Antero Korhonen went to get some pictures from his game camera, but the camera was not quite where Korhonen had left it. The photos were the last ones the camera would ever take.
Easter Monday was a sunny spring day. The temperature in Sumiainen in Äänekoski was well above 10 degrees Celsius, and the newly hibernating bear was out foraging for food.
Instead of food, it found a game camera and got interested.
– The bear took the selfies first, then put the camera in its mouth and turned it around, Korhonen says.
After taking the pictures, the bear opened the back cover of the camera.

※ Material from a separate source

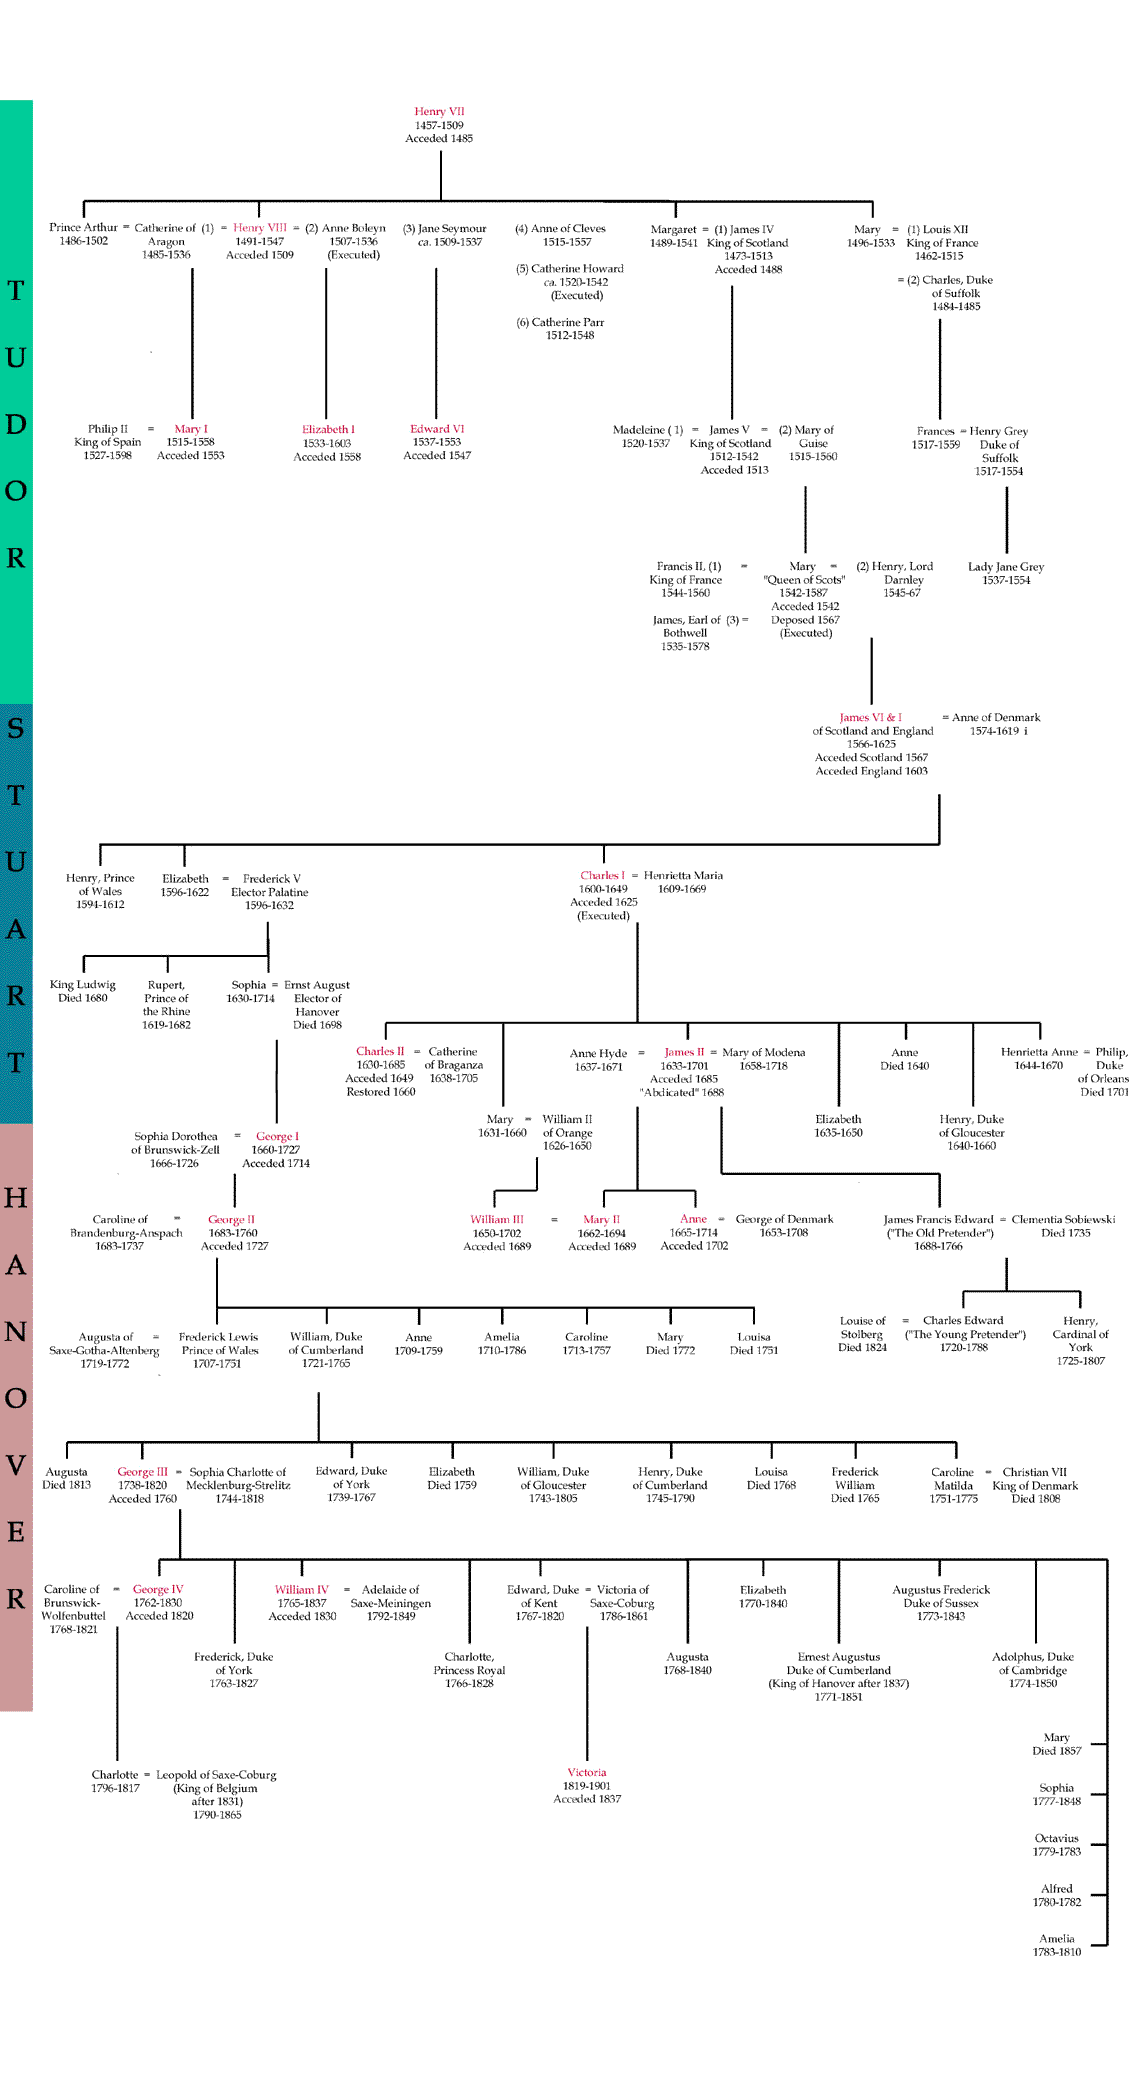 Tudor Succession Chart
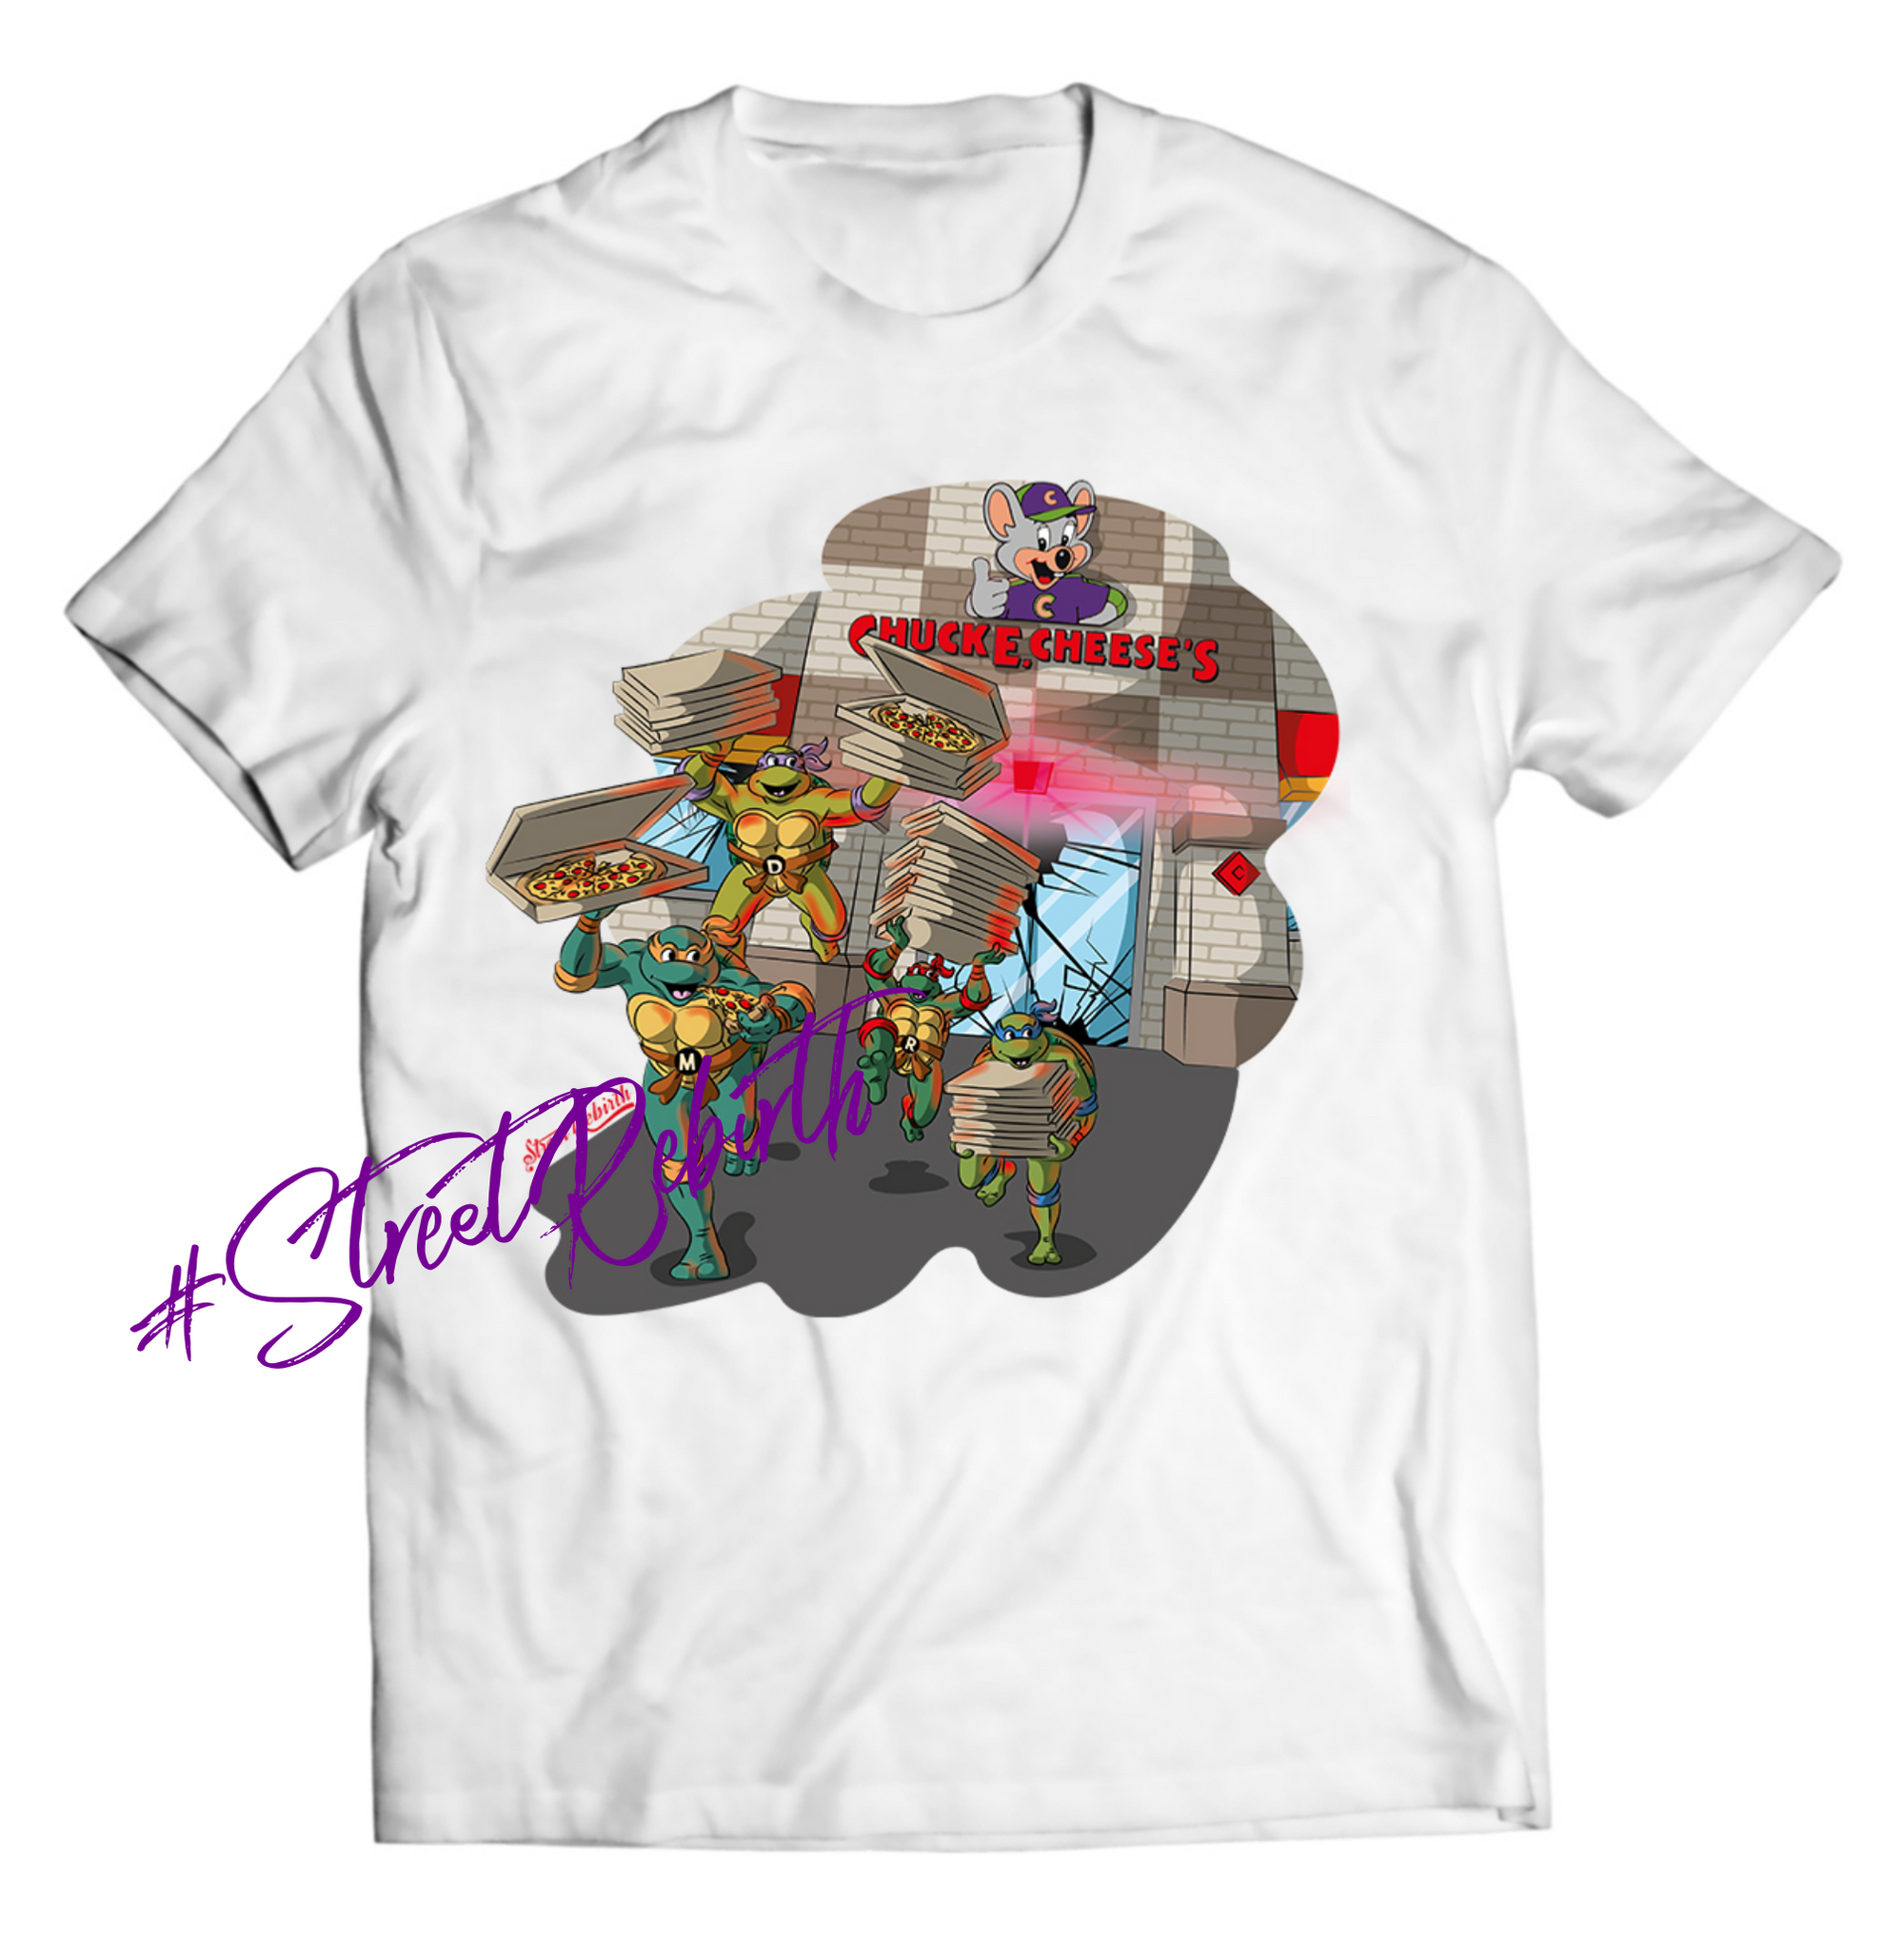 Ninja Turtles Shirt - Direct To Garment Quality Print - Unisex Shirt - Gift For Him or Her

– Probably tried to adjust it, but couldn’t and the camera broke. I have to go and buy a new one, but that’s okay, the technology has also improved in them.
Korhosen has several cameras and a game field of more than two hectares. He has been shooting with game cameras since 2016.
– I have dozens of pictures of bears, some of them are pictures of puppies as adults. I know those bears, and they know me, and they don’t care what I do.
The bear that got to know the camera better appeared in the landscape last summer.
– It has been eating in an oat field there, and now, after waking up from hibernation, it walked in front of the camera.
According to the Finnish Natural Resources Agency’s estimate, there are less than 2,000 bears in Finland before the hunting season that starts next August. The number is one-fifth less than last year. The population is strongest in Eastern Finland and Lapland.